Two Cultures

During my nineteen years at Penn I have served as a faculty member in two departments, architecture in the School of Design, and real estate in the Wharton School. I discovered many small differences: the real estate faculty is more social, with a Christmas party and an end of year barbecue; architects are less punctual and more long-winded than economists; the business school has better box lunches at faculty meetings. But what struck me most was the differences in academic cultures.

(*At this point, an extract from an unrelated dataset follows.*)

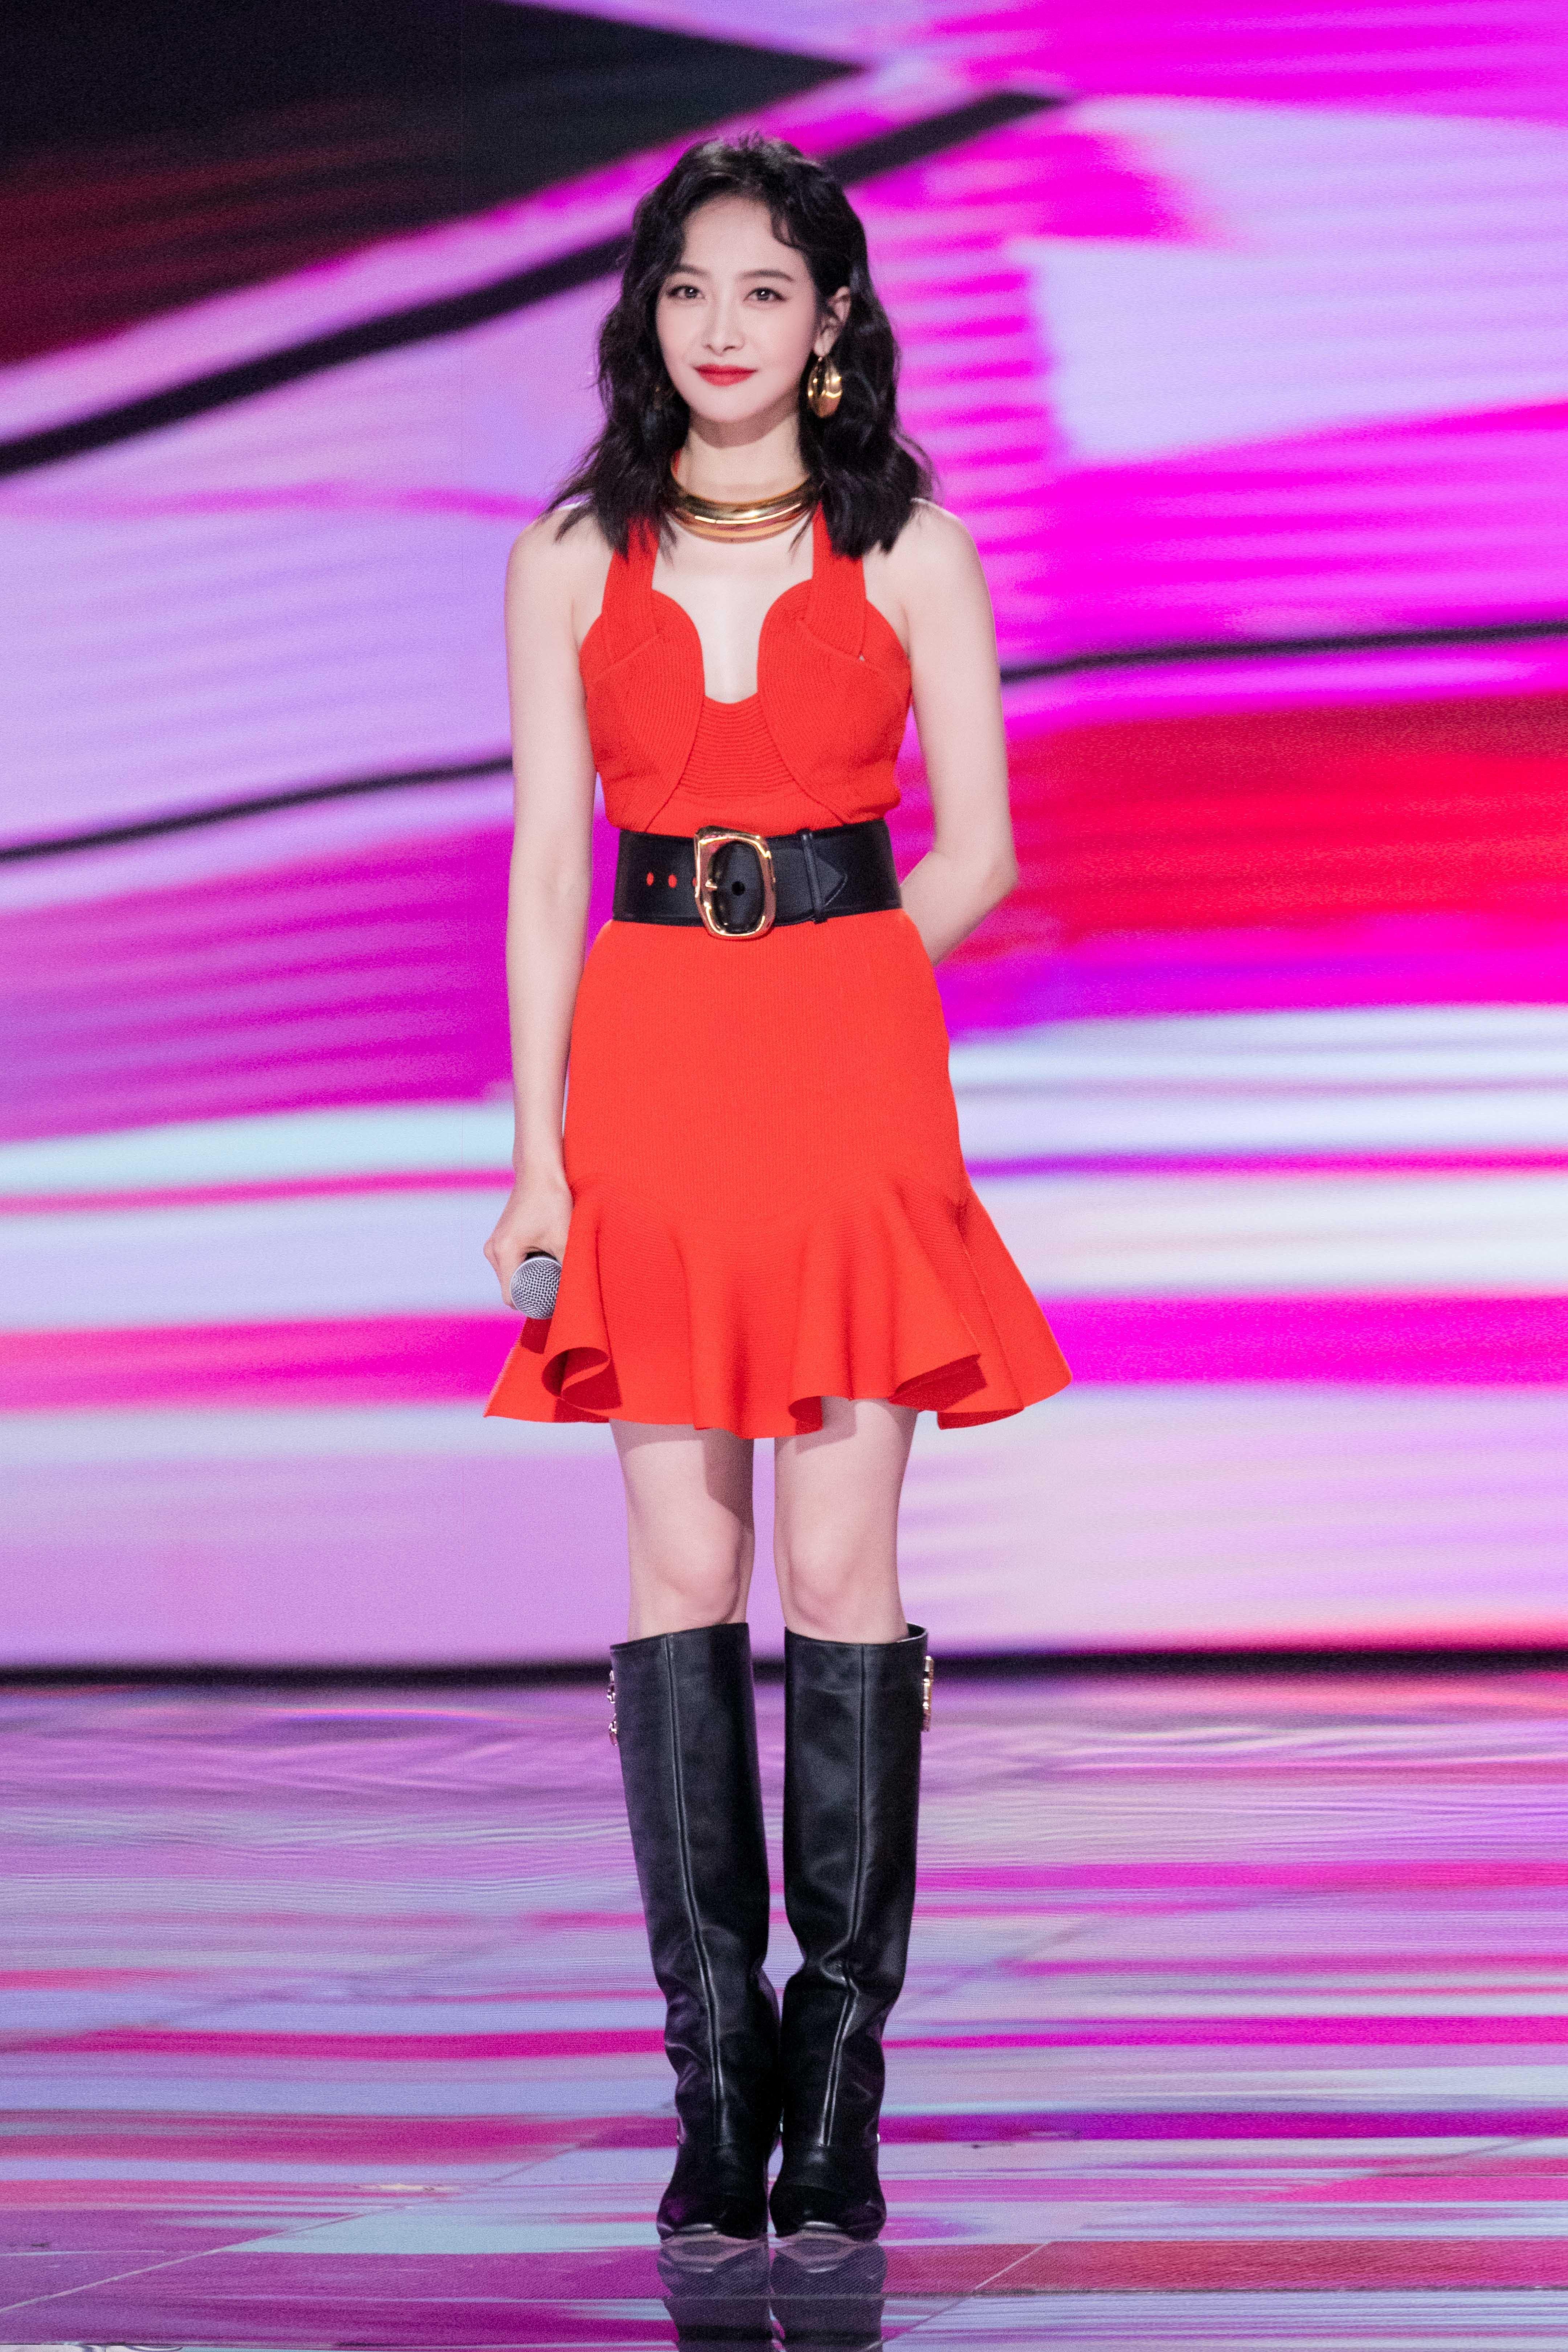 宋茜穿红裙主持《创造营2020》总决赛 纤腰美腿抢镜风情万种,

Medical schools do medical research, business schools advance the theoretical state of the art, but architecture schools don’t produce architecture—except on paper, and that work is done almost entirely by students. The design studios are the heart of the program, and the exhibition of student work is a highlight of the academic year. Like most programs, Penn’s department also produces an annual catalog of student work, but one cannot imagine an annual real estate publication devoted to student course assignments. In the real estate department, although all the faculty teach large lecture courses and teaching is what “pays the rent” for the department, the emphasis is on faculty research. Many faculty do all their teaching in one semester, in order to have the second free for their own work.

It is not that the real estate department doesn’t pay attention to teaching, quite the opposite. Attendance is more firmly enforced, assignments are more demanding, and grading is stricter than in architecture, at least in my experience. US News and World Report, which is basically a student consumer guide to university programs, regularly rates Wharton as one of the best B-schools in the country. How do they teach? Real estate faculty teach the same courses, year-in and year-out, refining and updating but not drastically altering the content. The content of architecture design studios, on the other hand, changes from year to year. Who teaches? The real estate department makes minimum use of adjunct teachers, considering them unreliable amateurs. By contrast, in architecture programs there is a long tradition, dating back to the Ecole des Beaux-Arts, of practitioners teaching on a part-time basis. In the Penn architecture department, for example, scores of adjuncts and lecturers far outnumber the dozen or so standing faculty.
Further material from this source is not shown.